Link Holocaust to other genocides, commemoration told

MONTREAL — Most of the community’s 5,000 Holocaust survivors won’t be around 10 years from now.

In the face of that, how will future generations continue to be engaged with what the Holocaust, as well as other contemporary genocides, have meant, and how will they fight forces of intolerance and hate that led to human destruction at such vast scales?

Those questions were posed last week at the Montreal Holocaust Memorial Centre (MHMC) on Jan. 27, as it commemorated 65 years to the day since the liberation of Auschwitz. The International Day of Holocaust Commemoration, designated in 2005 by the United Nations, also fell on Jan. 27.

A panel about “taking action 65 years after Auschwitz” agreed on some basic strategies – such as making vital “connections” between people.

That strategy already seemed at play at the MHMC.

As part of the day, members of the National Theatre School of Canada gave French- and English-language public readings from Address Unknown, Kressman Taylor’s classic 50-page novella from the 1930s chronicling the deterioration of a close friendship between a Jew and a German, as the latter gradually comes to ardently support the Nazis.

Earlier in the day, the group performed the same readings at two public high schools.

At the commemoration, representatives from the groups Darfur/Sudan Peace Network; Page Rwanda; the Human Promise; the Tony Blair Faith Foundation; the Canadian Centre for International Justice and Humain Avant Tout sat at tables, handing out literature and chatting with members of the public.

At the bilingual panel discussion, MHMC executive director Alice Herscovitch said that Taylor “engaged her skills for the good of humanity. It’s a matter of communicating the message.”

The new tendency to link Holocaust memory to other groups’ experiences was noted in a recent article by veteran JTA journalist Ruth Gruber.

“There is an increasing emphasis,” she wrote, “on what the experience of the Holocaust can teach in the face of other genocides and persecution, such as in Rwanda, Bosnia, Cambodia and Darfur.”

At the panel discussion, Susyn Borer, president of the Holocaust centre’s board of directors, pointed to the importance of pursuing “partnerships” and of staying “relevant” to younger generations.

This might be accomplished, she said, by providing the “connections” with other genocides and providing the historical context.

Even the recent earthquake in Haiti evoked horrible imagery from history that could be for learning and understanding, such as bodies being bulldozed into mass graves, Borer said.

“What does that make you think about?” she asked.

Borer said that once people learn about the Holocaust, “they want to know more.”
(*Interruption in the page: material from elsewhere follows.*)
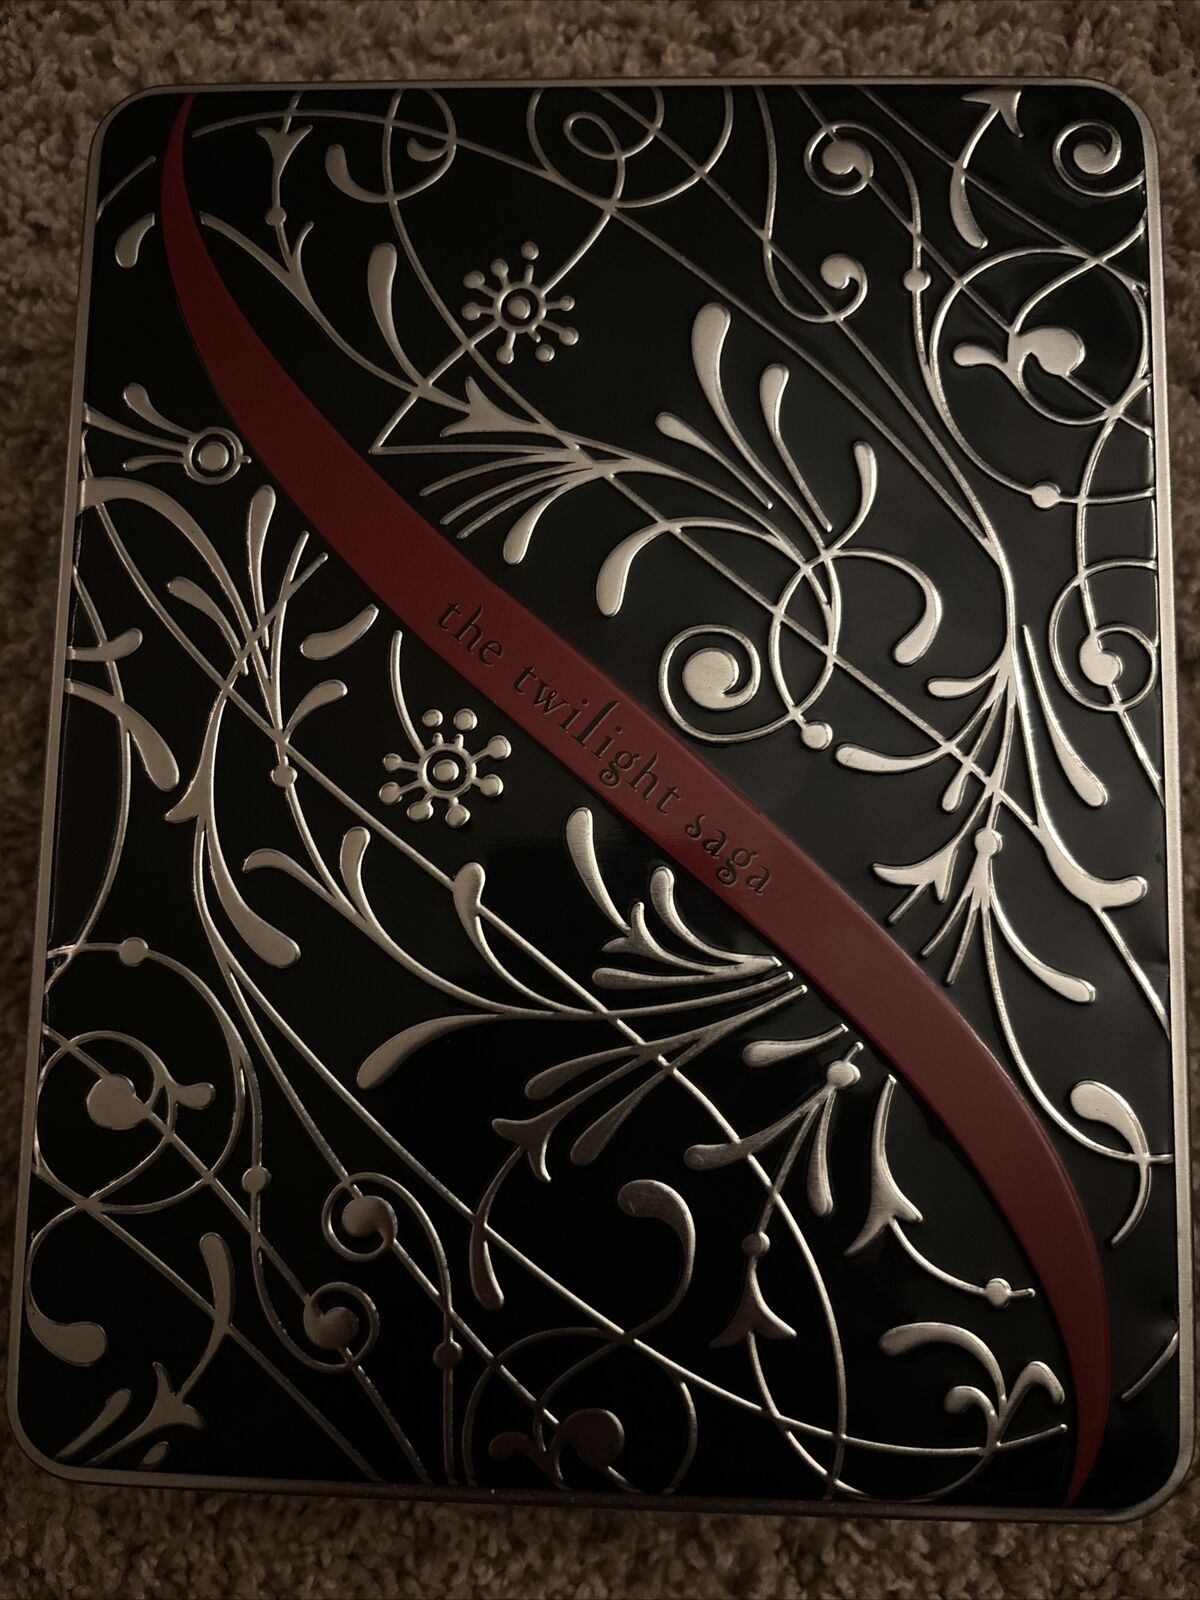 The Twilight Saga Journal Set with Keepsake Tin Box 4 Journals

A study by the Association for Canadian Studies demonstrated that awareness of genocide affects attitudes toward diversity in a positive way, she added.

Another study suggests that acts of altruism appear to help make for a “meaningful” life of fulfilment and happiness, she said.

Sandra Gasana, of the Community University Research Alliance (CURA), which records the life stories of Montrealers displaced by war, genocide and other human rights violations, spent nearly two years recording the testimonies of survivors of genocide, including of the Holocaust, in partnership with the MHMC and other agencies.

“This is part of the duty to remember,” she said. “We are all involved.”

The process of connecting has to include “keeping oneself informed and mobilizing,” she said.

Steven Baird, of the Darfur/Sudan Peace Network, a coalition of 30 volunteer groups that includes the Canadian Jewish Congress, sees the role of the average citizen as vital in the fight against hate and intolerance.

“The greatest thing is when you can engage with other peoples and groups,” he said. “Individual citizens can be the driving force. You need the human-to-human connection.”

Borer and Gasana disagreed on the role the virtual world could play in creating connections between people.

Borer thought that “it all comes down to the relationship you have with other people. Technology can be a one-act show, limiting in a certain way.”

But Gasana said the ubiquity of technology takes away all excuses not to get involved.

Herscovitch quoted from a letter the MHMC received from Kressman Taylor’s son, writer C. Douglas Taylor, offering his view of what his late mother (she died in 1956) would have said in regard to preventing genocides.

He wrote: “I think she would suggest that each of us must regularly examine and re-examine our own conviction – political, social, moral, religious – weighing them constantly, and listening carefully and openly to the opinions of others, not only to those whose ideas appeal to us, but especially to those whose beliefs might first offend us or run counter to our own.”